Un simple script censé m’épargner des dizaines de clics m’a valu une suspension de compte sur Resy — puis la remise en service quand un autre agent automatisé a pris le relais pour négocier avec le support. Cet incident illustre une tension croissante : les outils personnels d’IA facilitent la vie, mais se heurtent aux règles et aux systèmes de sécurité des plateformes de réservation.
Comment une automation personnelle peut déclencher une sanction
Les assistants automatisés remplissent des formulaires, enchaînent des tentatives et imitent un comportement humain. Lorsqu’un outil effectue trop d’actions à la suite ou modifie subtilement l’usage attendu d’un service, les systèmes de surveillance des plateformes y voient souvent un signal d’abus. Résultat : annulation de réservations, verrous temporaires, voire bannissement.

Dans mon cas, l’outil initial a multiplié les requêtes sur des créneaux populaires. Les algorithmes de détection ont noté une activité anormale et ont isolé le compte pour enquête. Les réservations existantes ont été supprimées, et l’accès au service a été limité en attendant une vérification.
Pourquoi les plateformes réagissent — et comment elles le font
Les opérateurs comme Resy doivent protéger deux choses : l’expérience client (éviter le « hoarding » de tables) et la relation avec les restaurants.

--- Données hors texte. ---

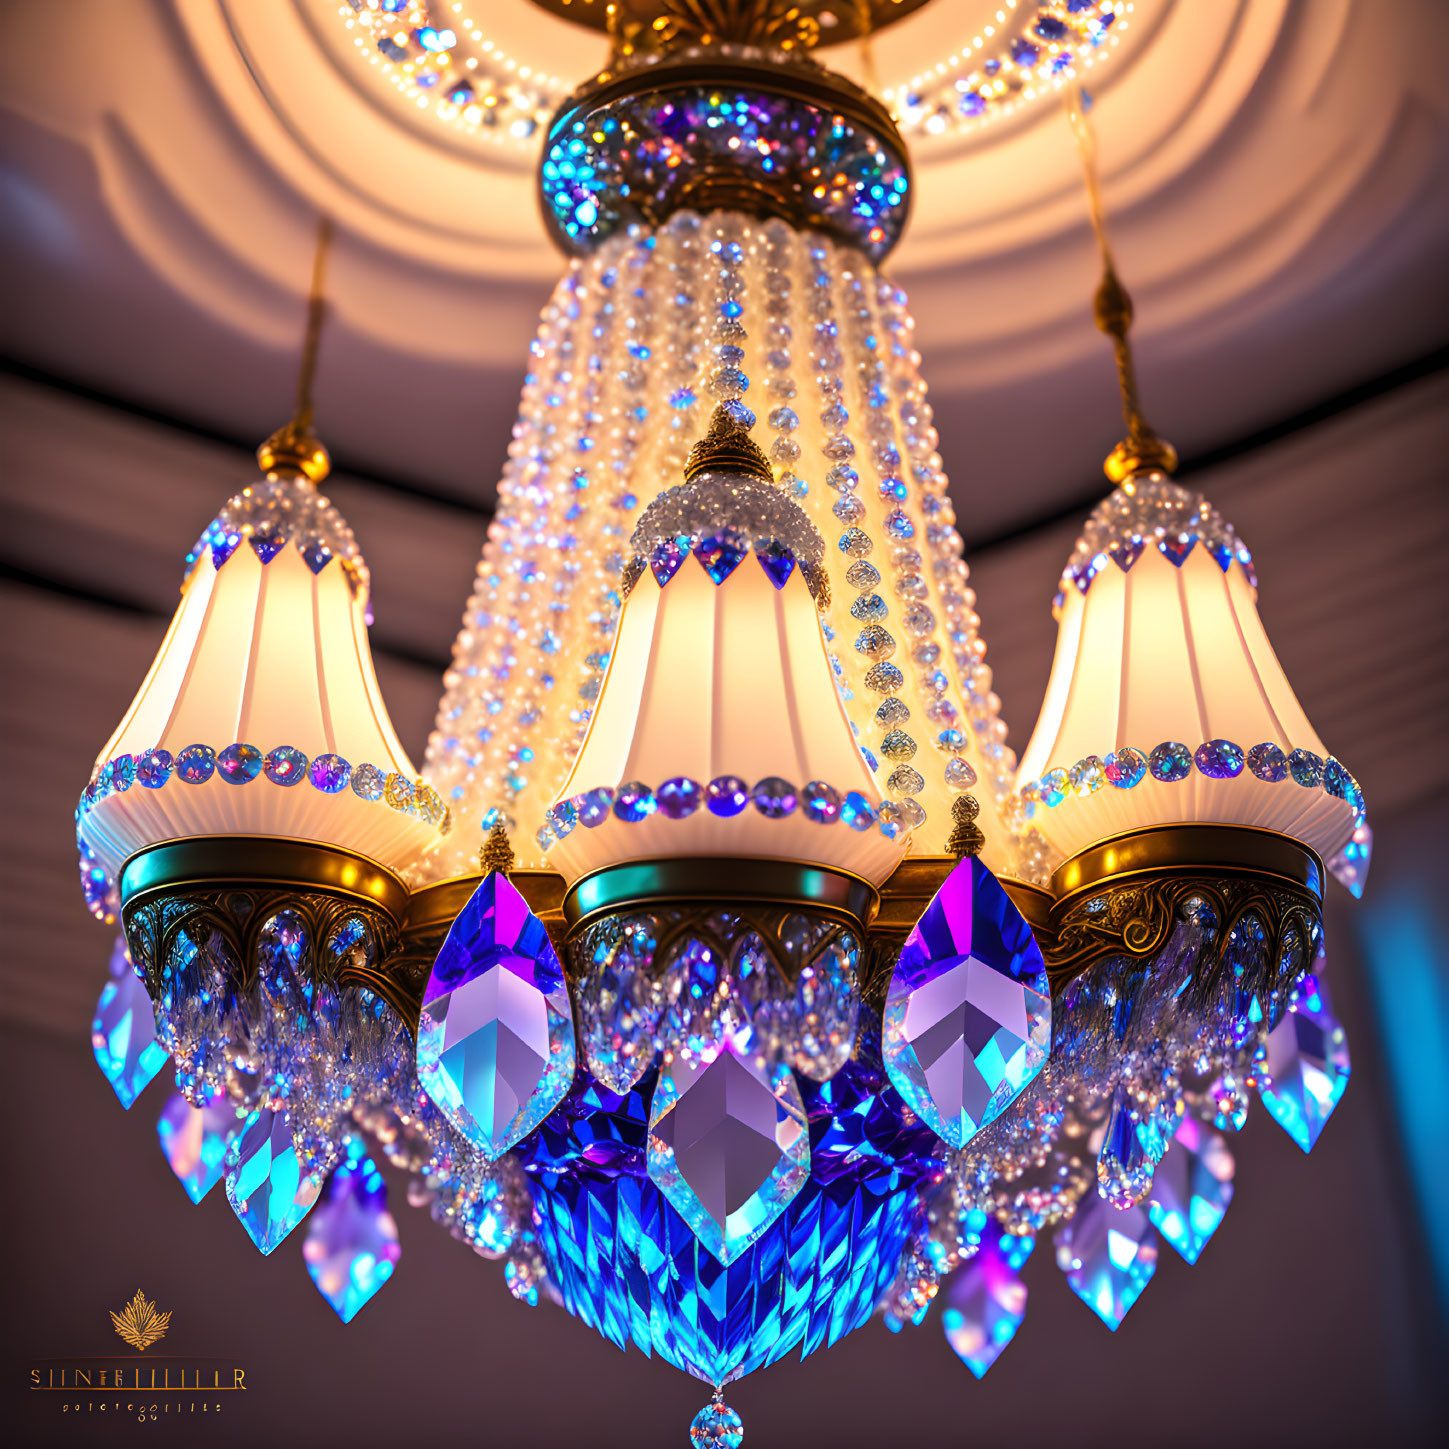 Crystal Bead Chandelier with Purple Pendants and Lampshades against Cream Ceiling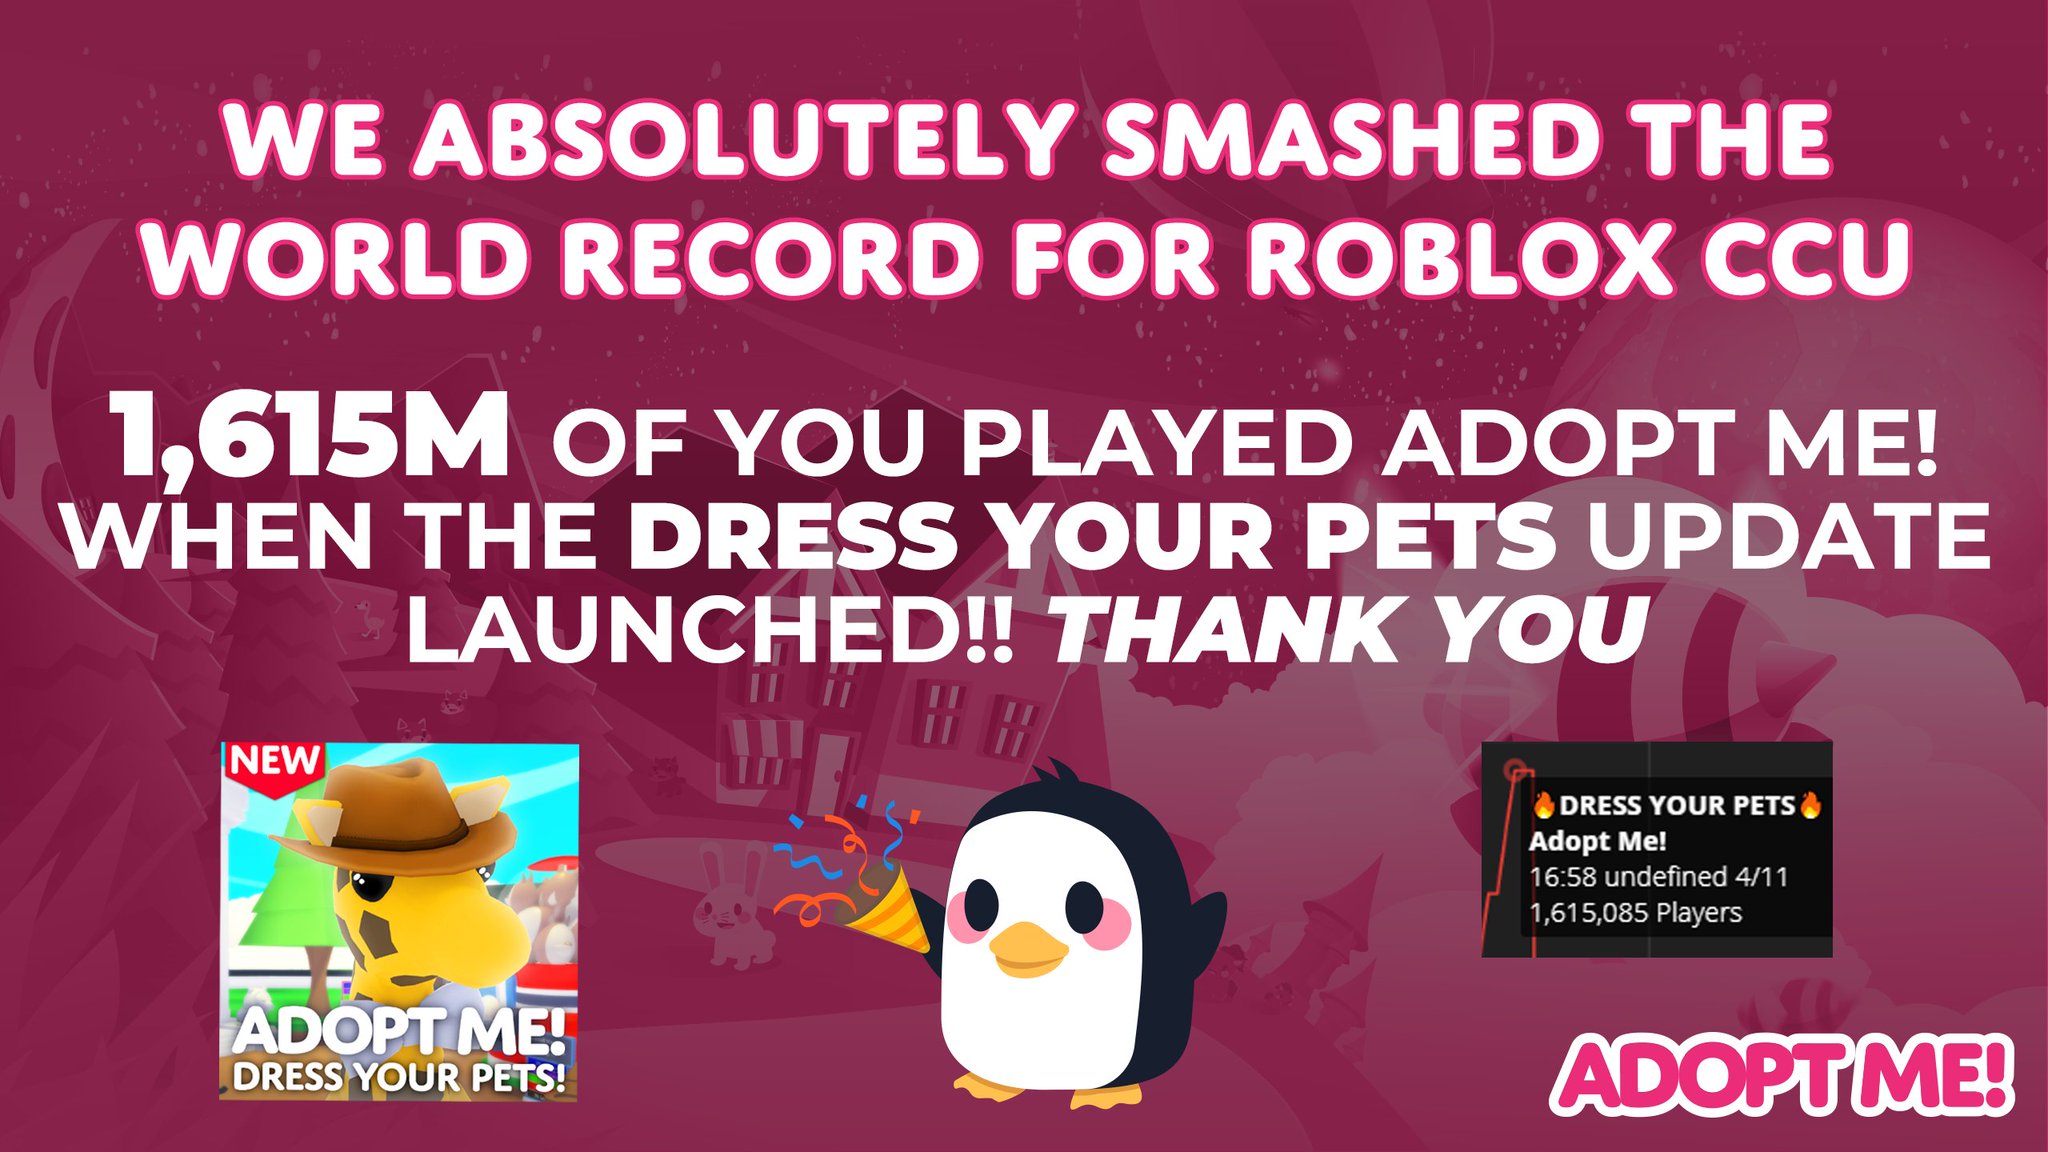 Adopt Me On Twitter The New World Record For Roblox Ccu - roblox adopt me dress up pets

Pour cela, ils utilisent des techniques variées — contrôles de vitesse, empreintes techniques, CAPTCHAs, vérifications manuelles — destinées à identifier les comportements non conformes.
Ces mesures ne sont pas seulement techniques : elles reposent aussi sur les conditions d’utilisation. Beaucoup d’automatisations personnelles violent implicitement ces règles, même si l’intention de l’utilisateur est inoffensive.
Ce que j’ai fait pour être rétabli
Plutôt que d’insister avec le même script, j’ai engagé un second agent conçu pour interagir avec le support client et présenter une demande claire et documentée. Cet agent a envoyé des captures d’écran, expliqué le contexte d’utilisation et promis la désactivation de l’automatisation fautive. Après échange, le compte a été restauré.
| Étape | Action | Conséquence |
|---|---|---|
| Déploiement | Lancement d’un agent pour réserver automatiquement | Réservations rapides mais volumineuses |
| Détection | Système de sécurité signale l’activité | Compte mis en quarantaine, réservations annulées |
| Réponse | Contact via un second agent avec preuves | Réexamen humain et rétablissement |
Conseils pragmatiques pour les utilisateurs
- Si votre automatisation multiplie des requêtes, réduisez sa fréquence et simulez des pauses humaines.
- Consultez les conditions d’utilisation avant d’automatiser une plateforme : le risque de compte suspendu n’en vaut parfois pas la peine.
- Conservez des preuves (captures, logs) pour défendre votre cas auprès du support en cas de blocage.
- Privilégiez une communication claire et documentée lorsque vous contactez le service client.
Pour les développeurs d’outils personnels, la leçon est double : rester conformes aux règles et concevoir des fonctions destinées à réduire la détection (rythme humain, limites). Pour les plateformes, l’incident souligne la nécessité d’un dialogue plus clair sur ce qui constitue un usage acceptable, afin d’éviter des résolutions lourdes pour des infractions parfois involontaires.

Enjeux plus larges
L’affaire dépasse la simple réservation : elle pose la question du partage d’autorité entre l’utilisateur, les assistants d’IA et les plateformes. Qui décide de la manière dont un service peut être utilisé ? Comment garder un équilibre entre innovation personnelle et protection collective des ressources (ici, les tables de restaurant) ?
À court terme, les risques sont concrets : perte d’accès à un service, désagréments pour un dîner prévu, complications administratives. À plus long terme, la multiplication des incidents pourrait pousser les opérateurs à durcir leurs contrôles, rendant l’automatisation utile mais plus risquée.
Au final, mon expérience montre qu’un recours intelligent et documenté — même s’il passe par une deuxième automation — peut résoudre un conflit avec une plateforme. Mais elle rappelle surtout une réalité plus large : l’IA personnelle change les usages, et les règles vont devoir évoluer pour encadrer cette nouvelle normalité.